Corak kuning dan hijaunya agak unik karena menjadi wujud asilmilasi budaya melayu dengan india. Kedua budaya tersebut memang kerap menggusung warna kuning dan hijau dalam berbagai arsitektur dan juga kegiatan budaya. Lokasi masjid ini memang dekat dengan kawasan Little India, bahkan sebagian besar yang sedang sholat dan mengaji di situ [saat saya mampir] adalah orang India. MasyaAllah...
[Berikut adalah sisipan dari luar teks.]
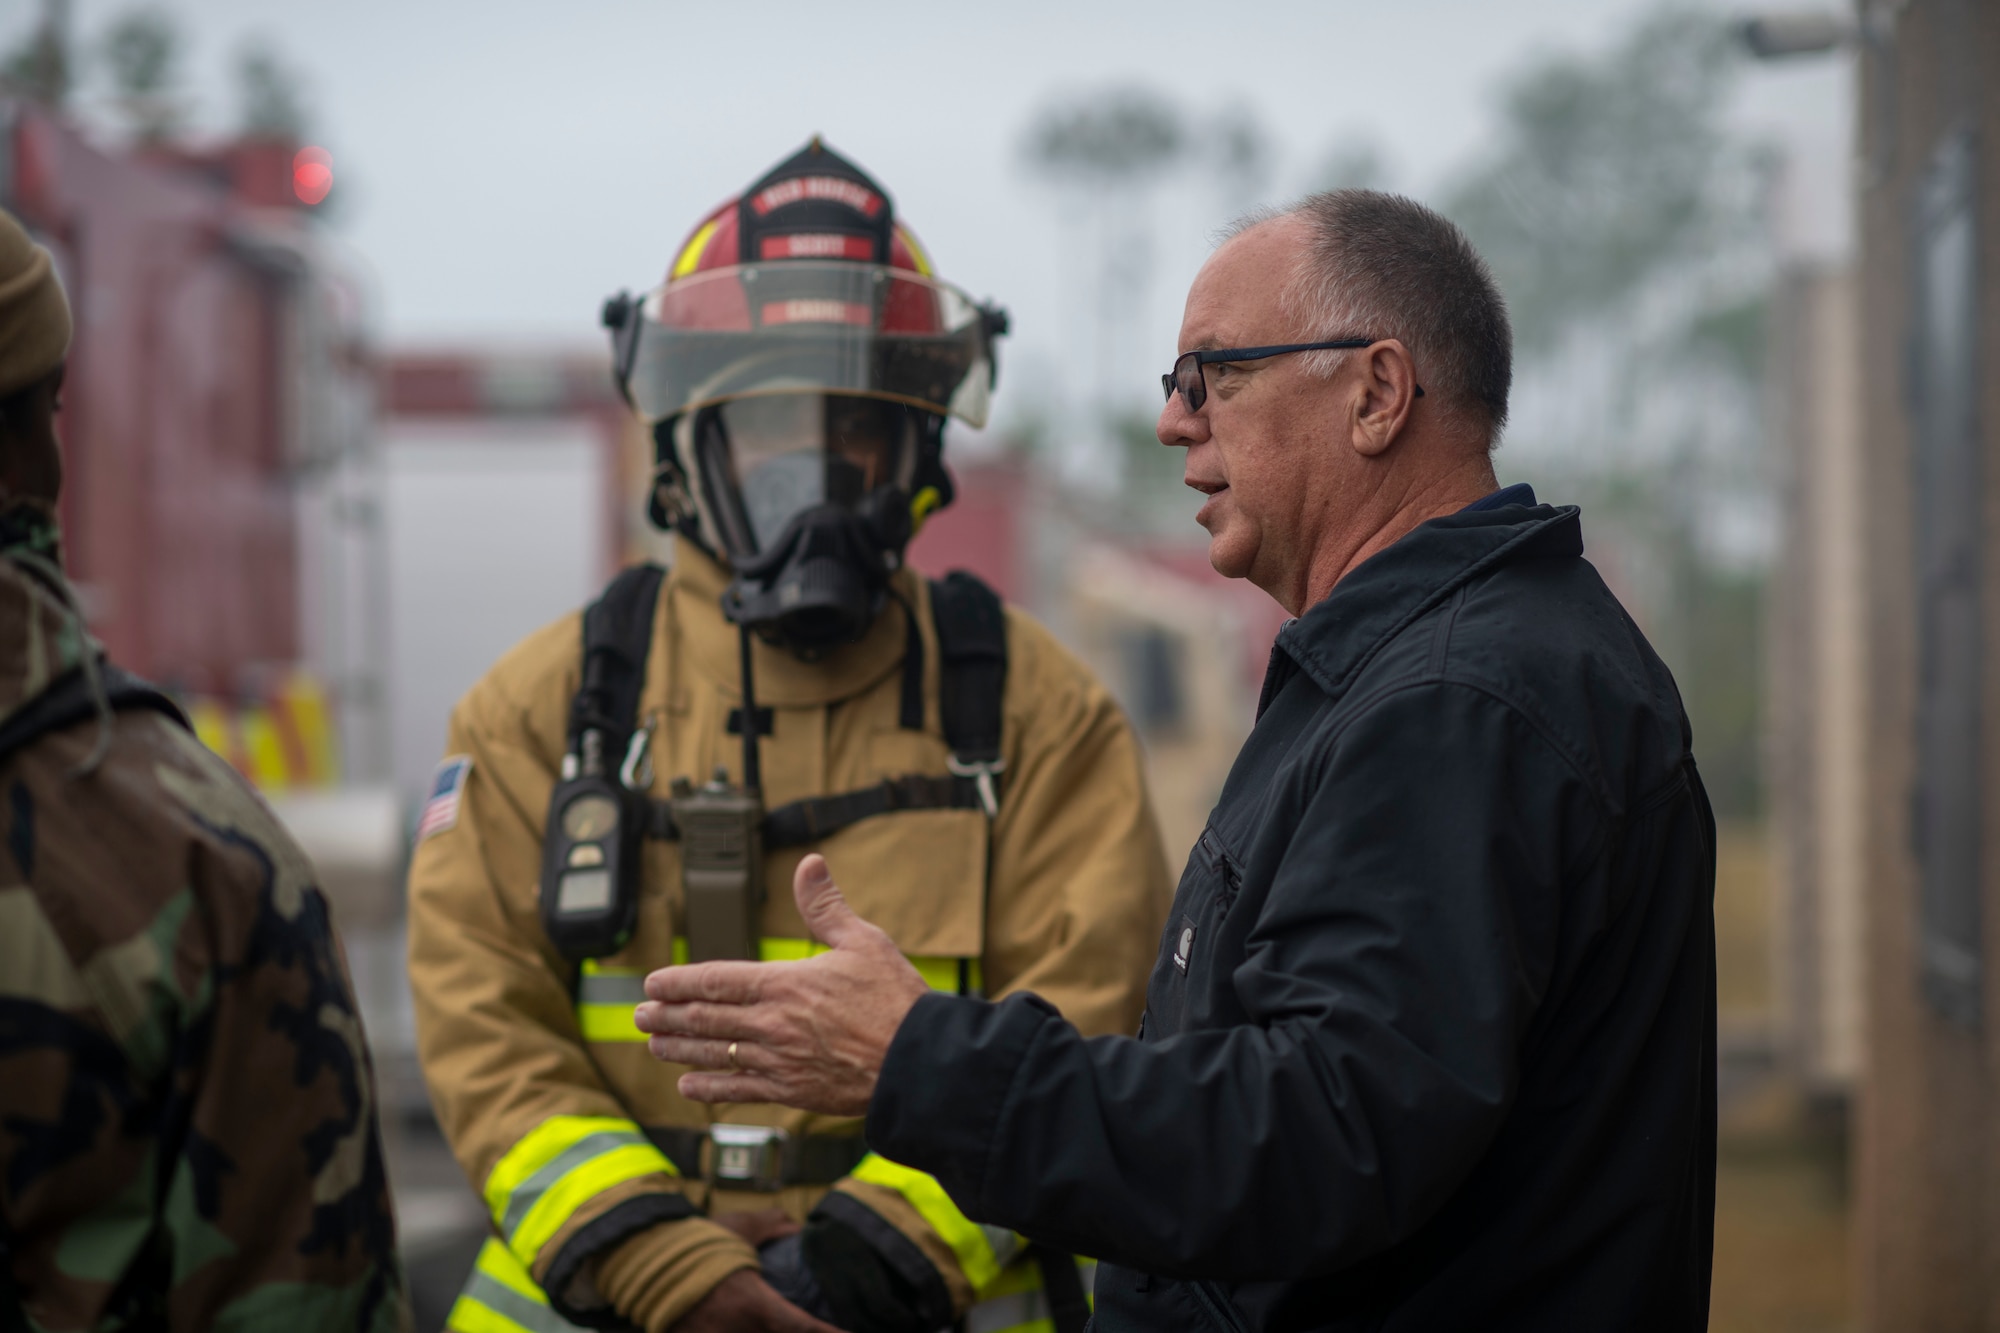 An instructor briefs a group of firemen

Dijemur Teriknya Fort Canning Park


Dalam bahasa Inggris, 'fort' berarti benteng. Jelas bukan wisata yang asyik untuk berfoto ria. Tapi lain urusan jika yang ingin dinikmati adalah sisi sejarah sekaligus arsitektur. Awalnya saya membayangkan seuah benteng besar layaknya benteng-benteng yang ada di Pulau Ternate dan Tidore. Tapi sayang dugaan saya ternyata meleset. Justru situs ini sekarang menawarkan wisata olah raga lewat kontur berbukit-bukit serta perdunya pohon. Baiklah, anggap saja ini situs untuk memperpanjang catatan berjalan kaki saya tiap nge-backpacker.